Your copy should run exactly from the line containing "צילום: הבן של גרוצ'ו" to the last line of the entries below, and it should include no pictures.

Excerpts from a dataset:

Start of Block

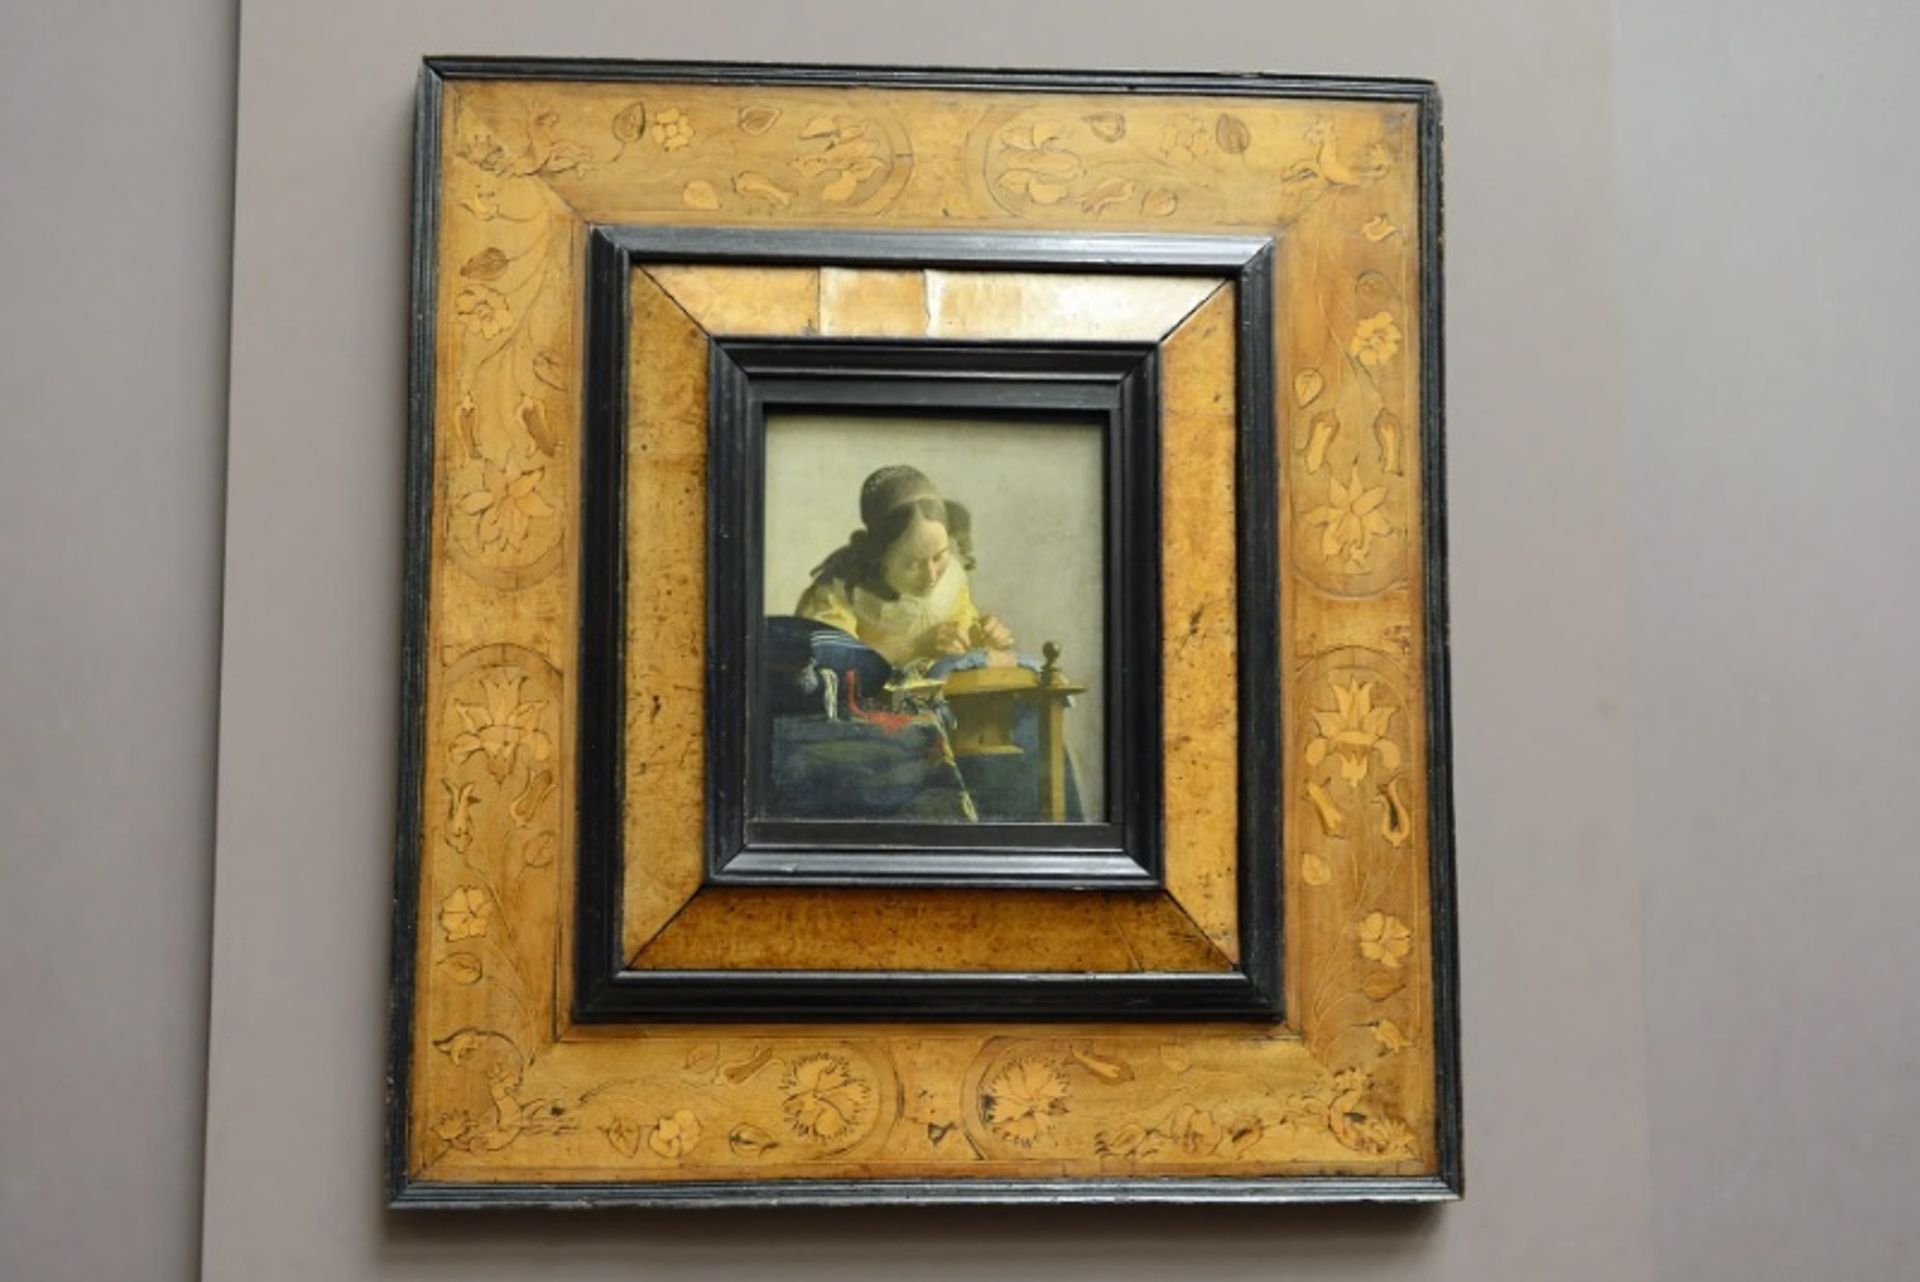 The Lacemaker של יוהנס ורמיר (1666-68) במוזיאון ה"לובר" בפריז

צילום: הבן של גרוצ'ו
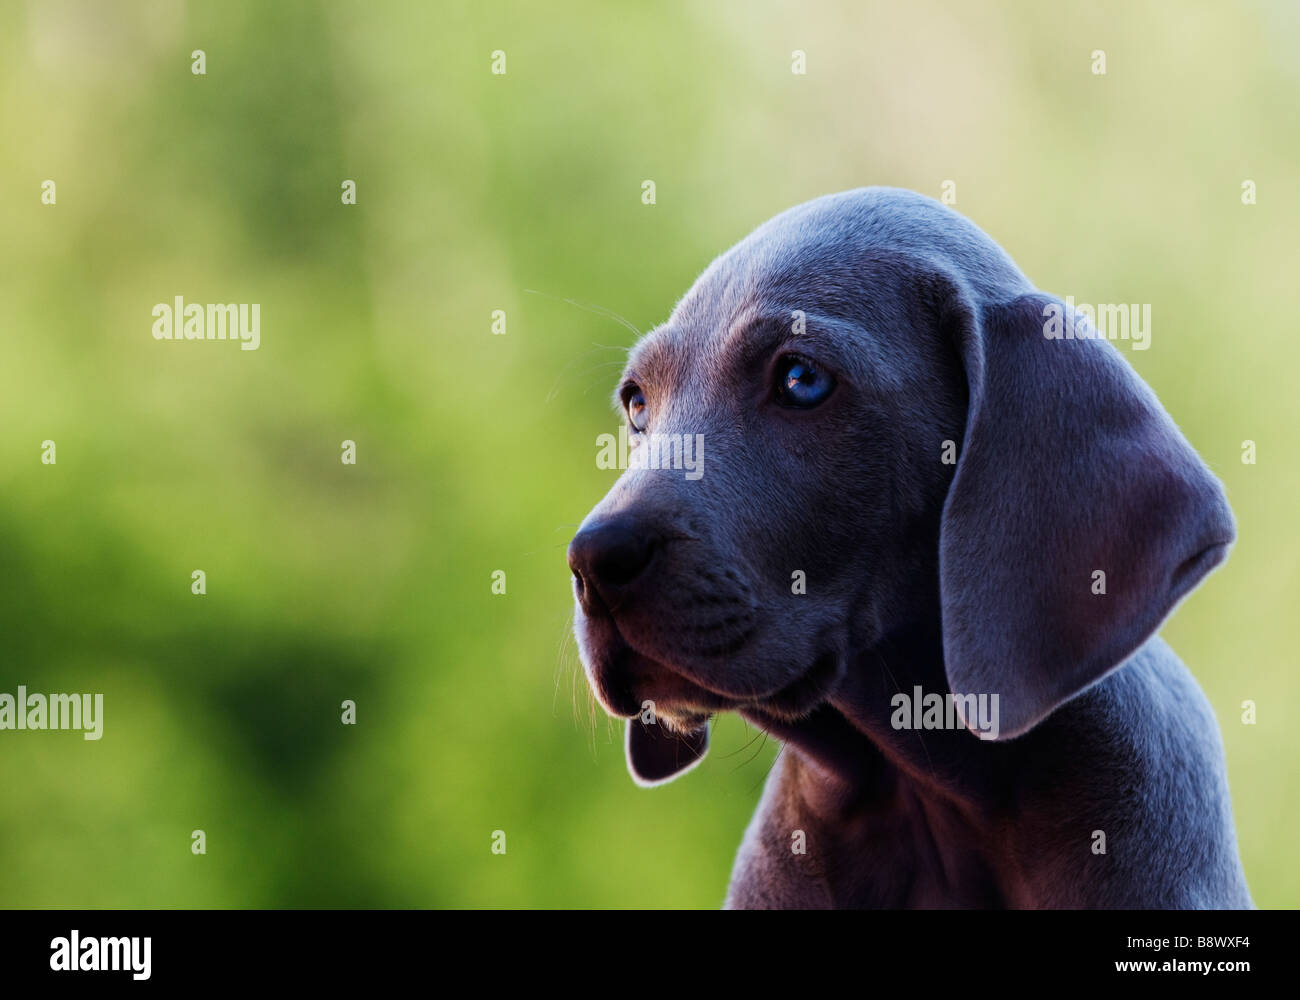 A portrait of a Weimaraner puppy Stock Photo
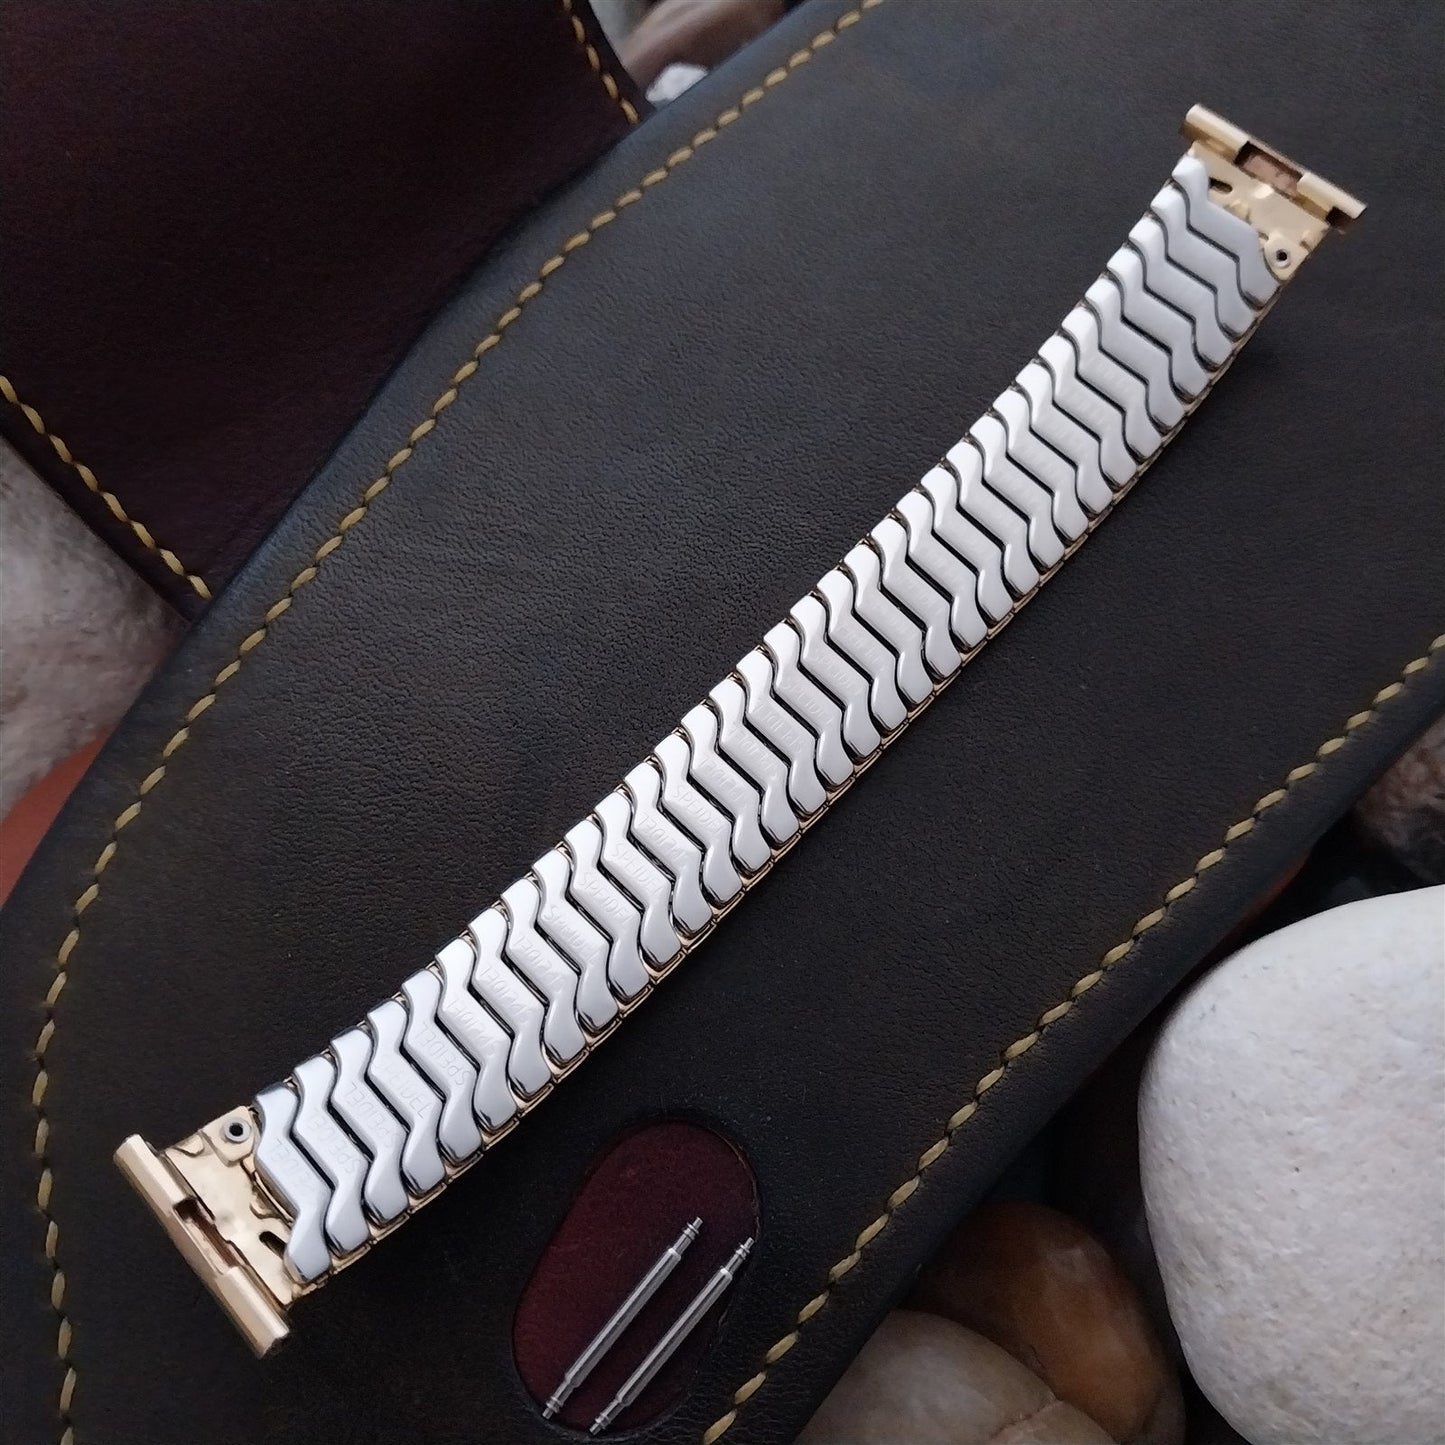 19mm 18mm 16mm 10k Gold-Filled Speidel Cortez Unused 1950s Vintage Watch Band
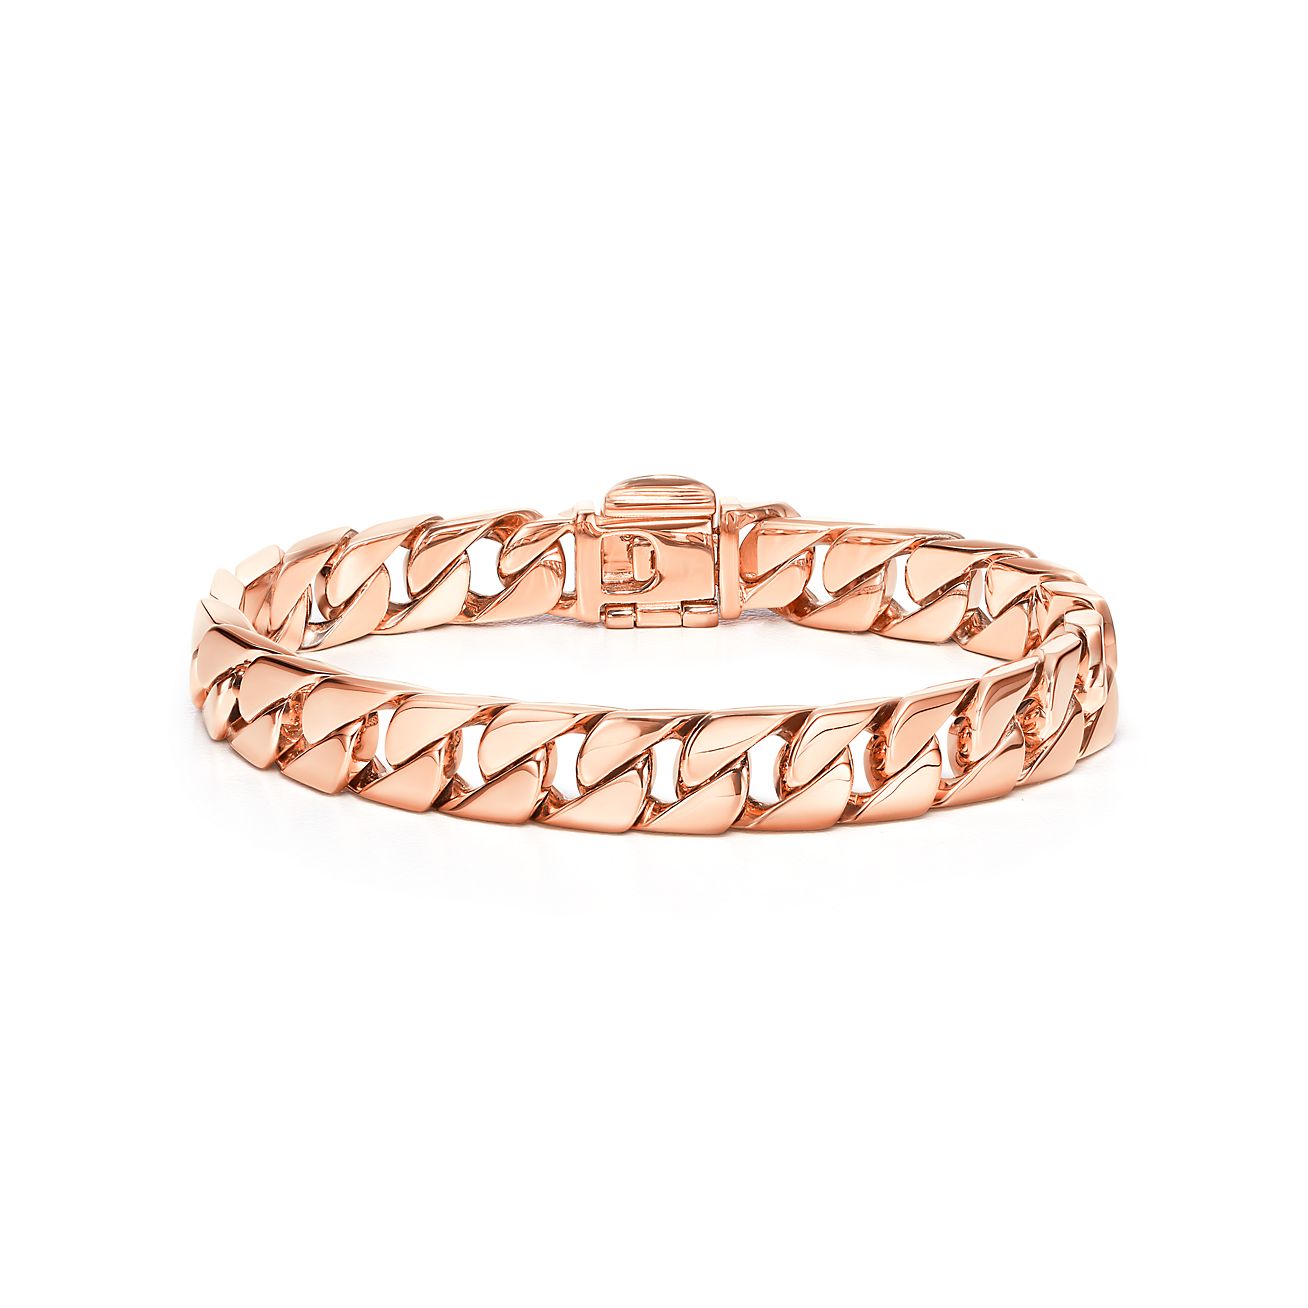 Curb link chain bracelet in 18k rose

End of Block

#### EXPECTED ANSWER
צילום: הבן של גרוצ'ו
 A portrait of a Weimaraner puppy Stock Photo
 19mm 18mm 16mm 10k Gold-Filled Speidel Cortez Unused 1950s Vintage Watch Band
 Curb link chain bracelet in 18k rose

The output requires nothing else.